*EXERCISE MATERIALS*.
►
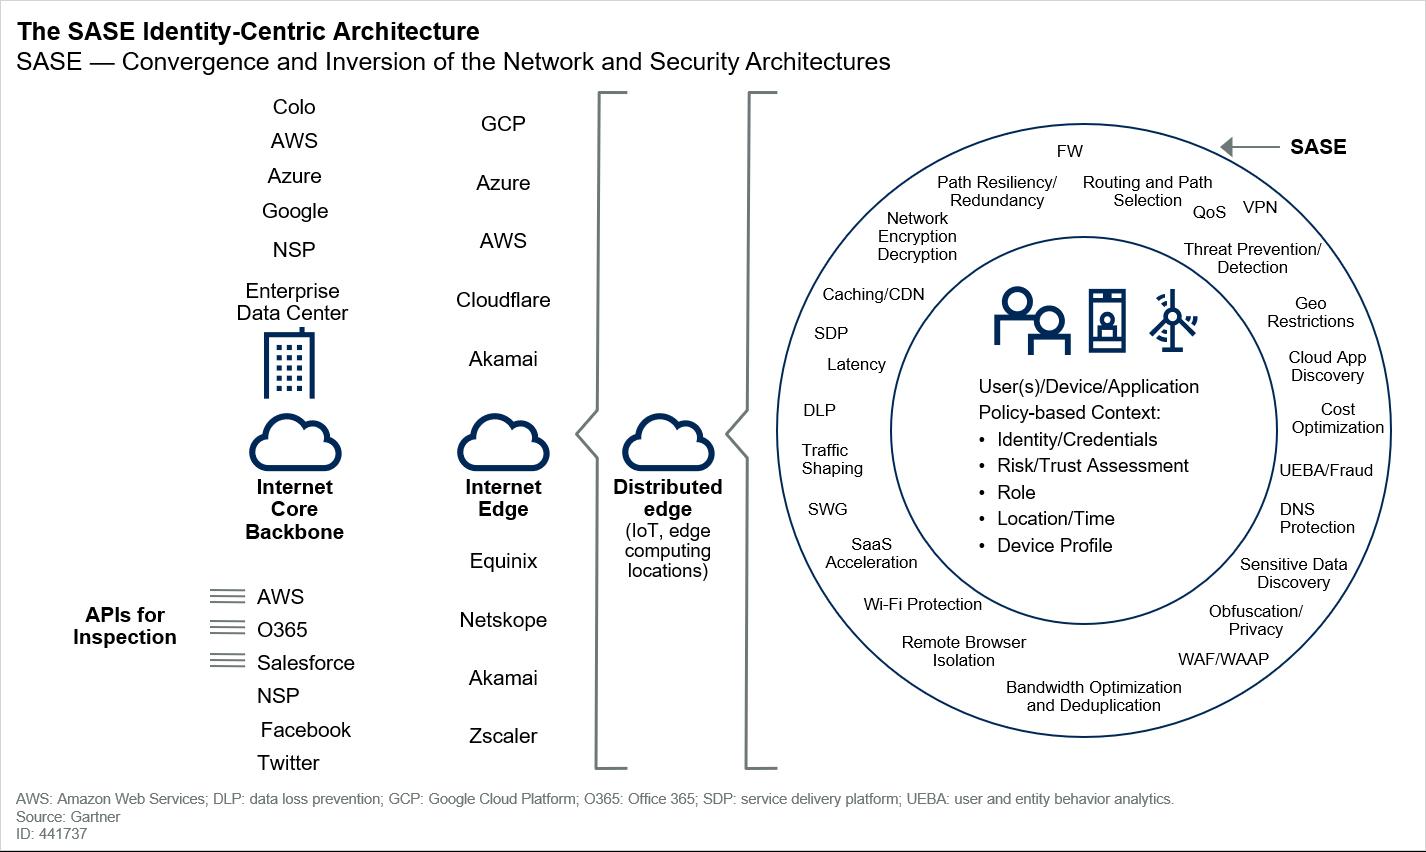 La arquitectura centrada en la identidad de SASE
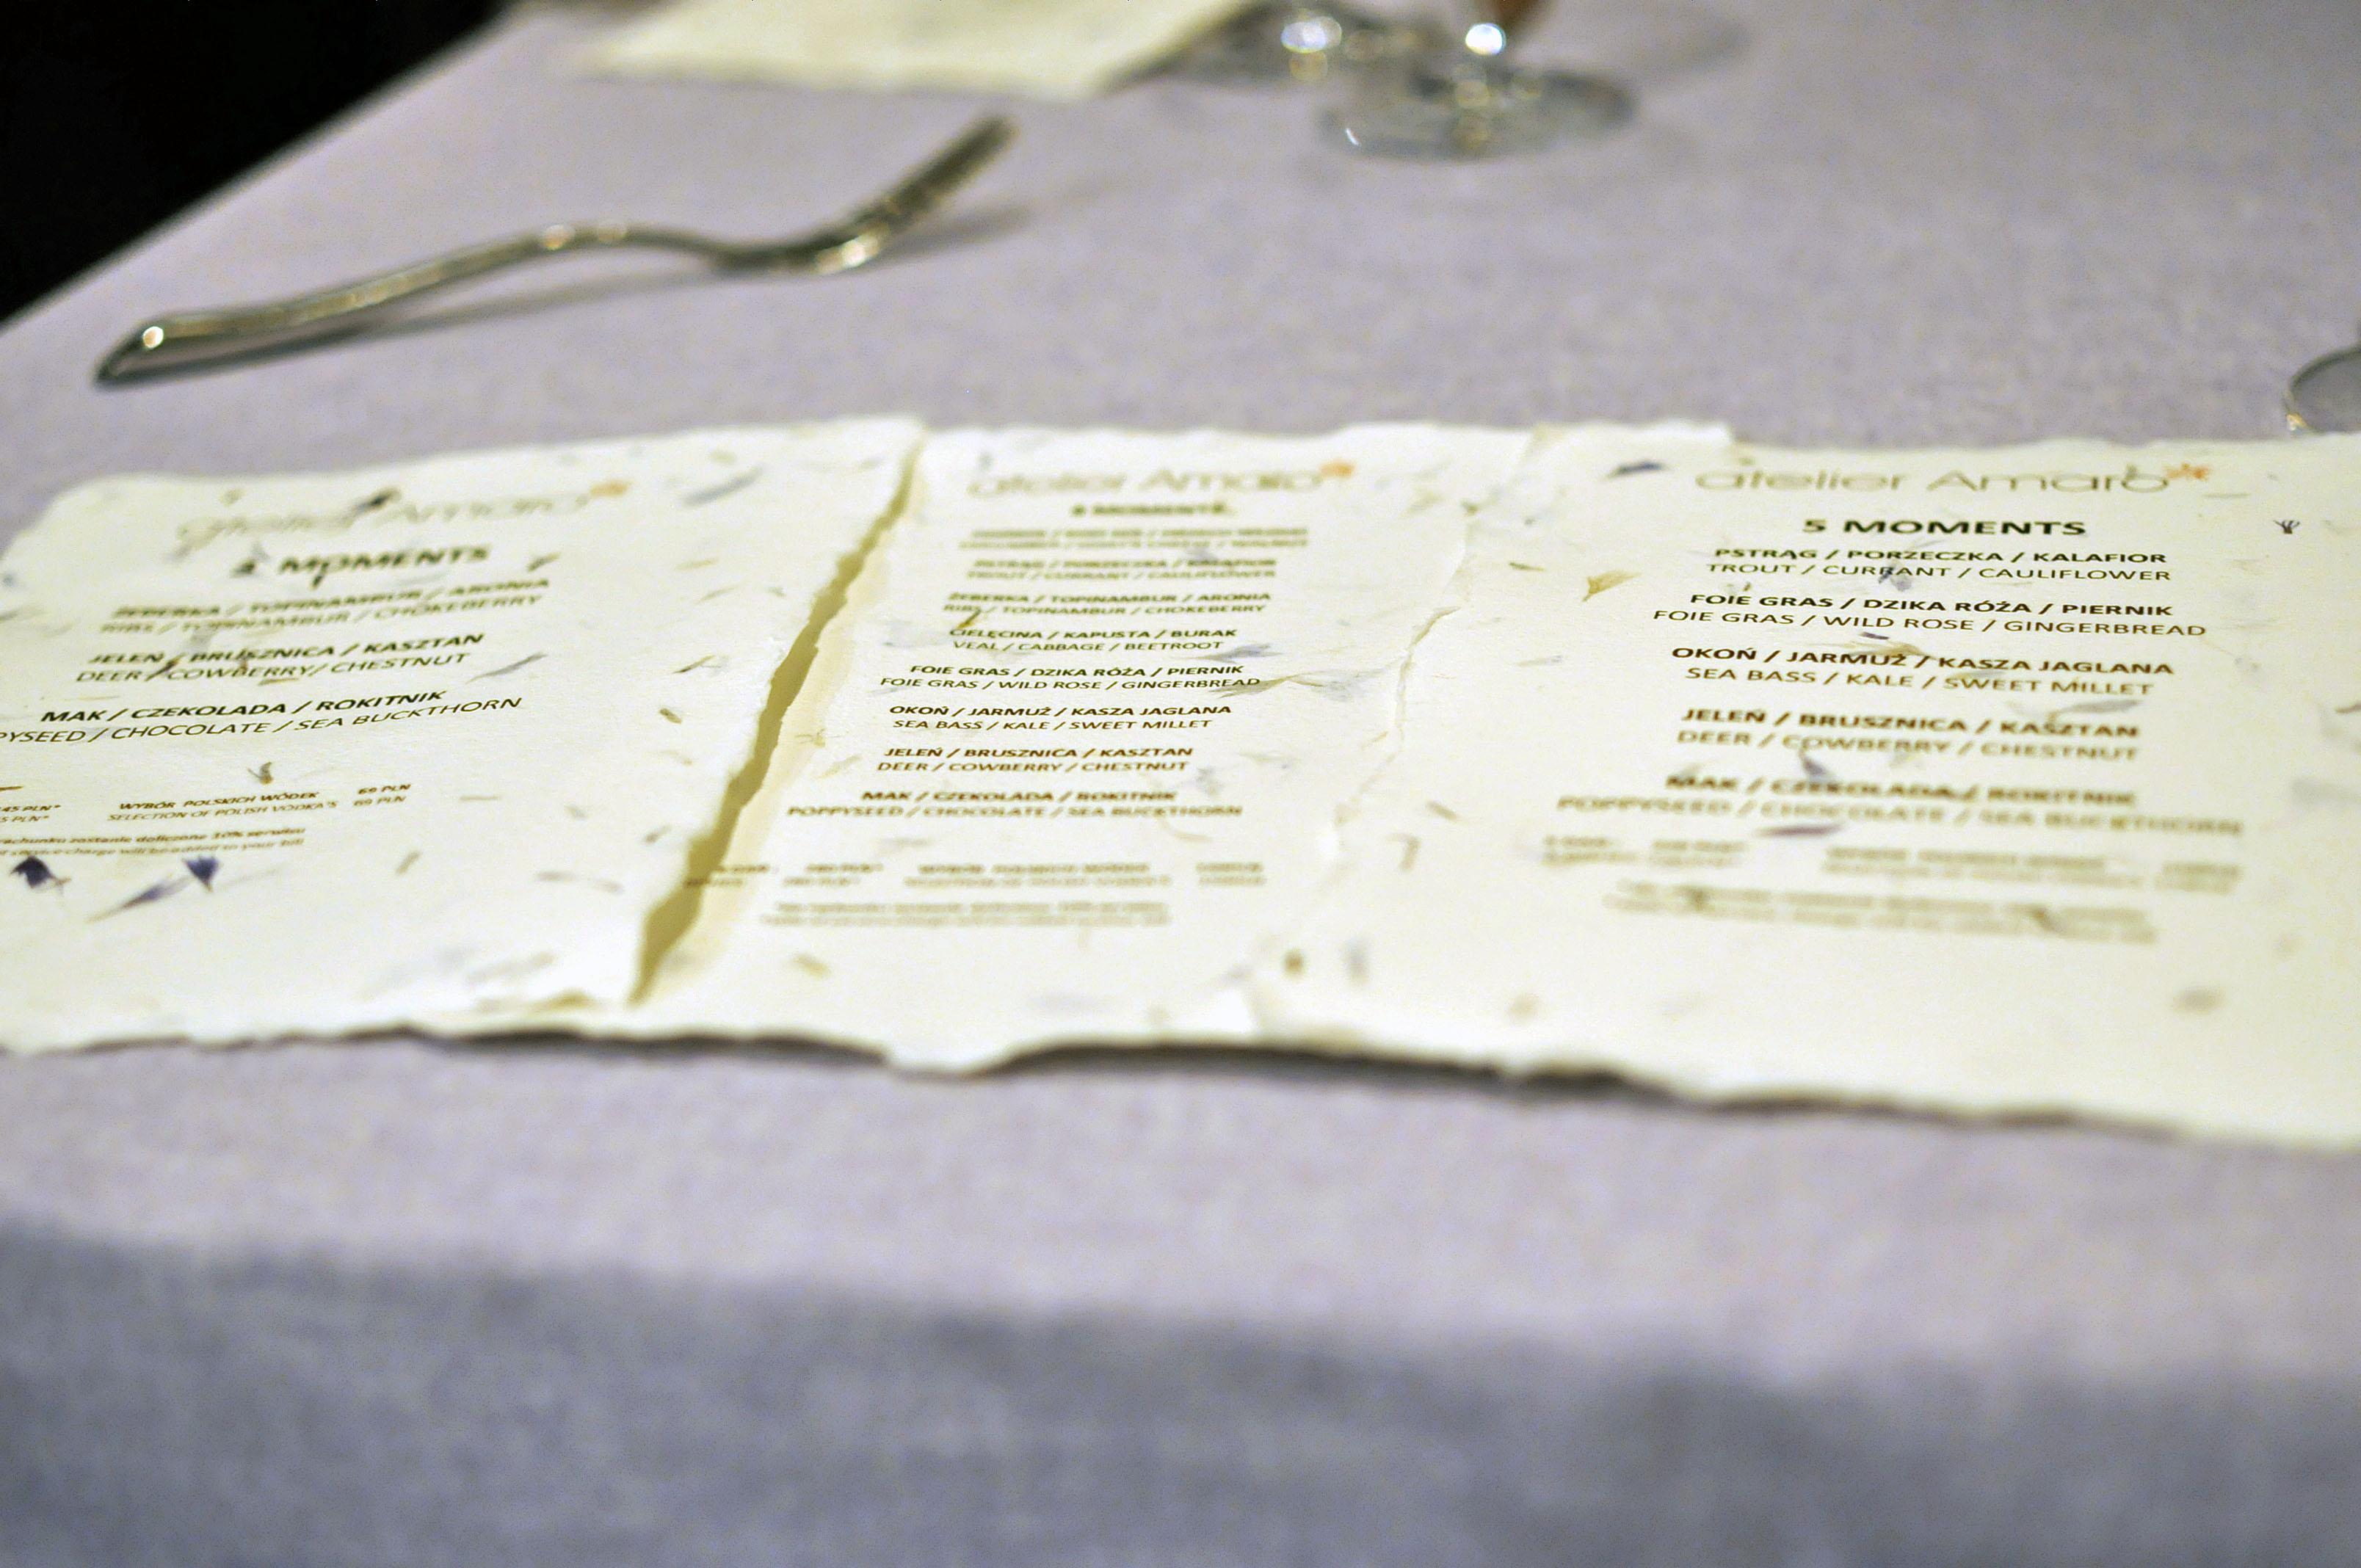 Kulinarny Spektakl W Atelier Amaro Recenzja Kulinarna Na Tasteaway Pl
◄
►
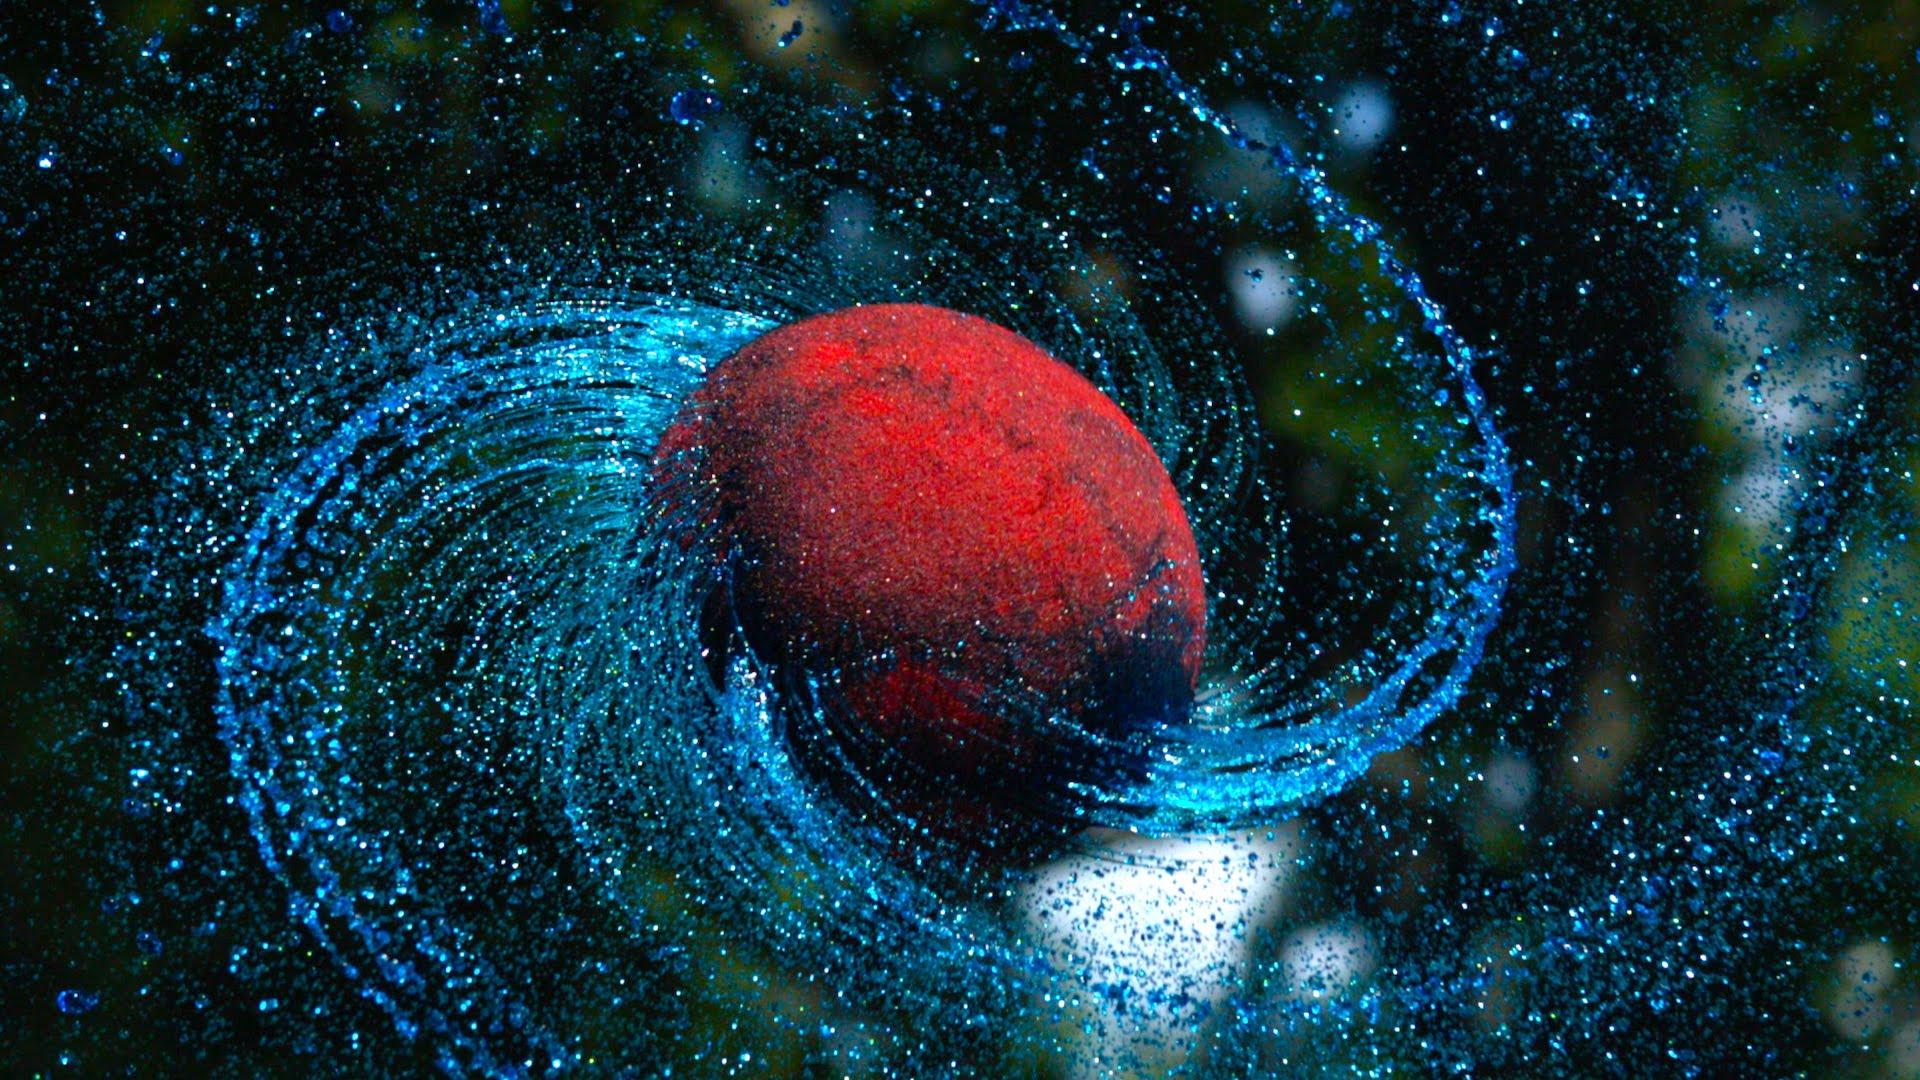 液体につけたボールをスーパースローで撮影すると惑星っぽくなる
◄
*WHAT IS REQUIRED*. Between and including the line with "La arquitectura centrada" and the line with "Kulinarny Spektakl W", repeat every line exactly as it appears above, with pictures left out.

*FINISHED EXERCISE*.
 La arquitectura centrada en la identidad de SASE
 Kulinarny Spektakl W Atelier Amaro Recenzja Kulinarna Na Tasteaway Pl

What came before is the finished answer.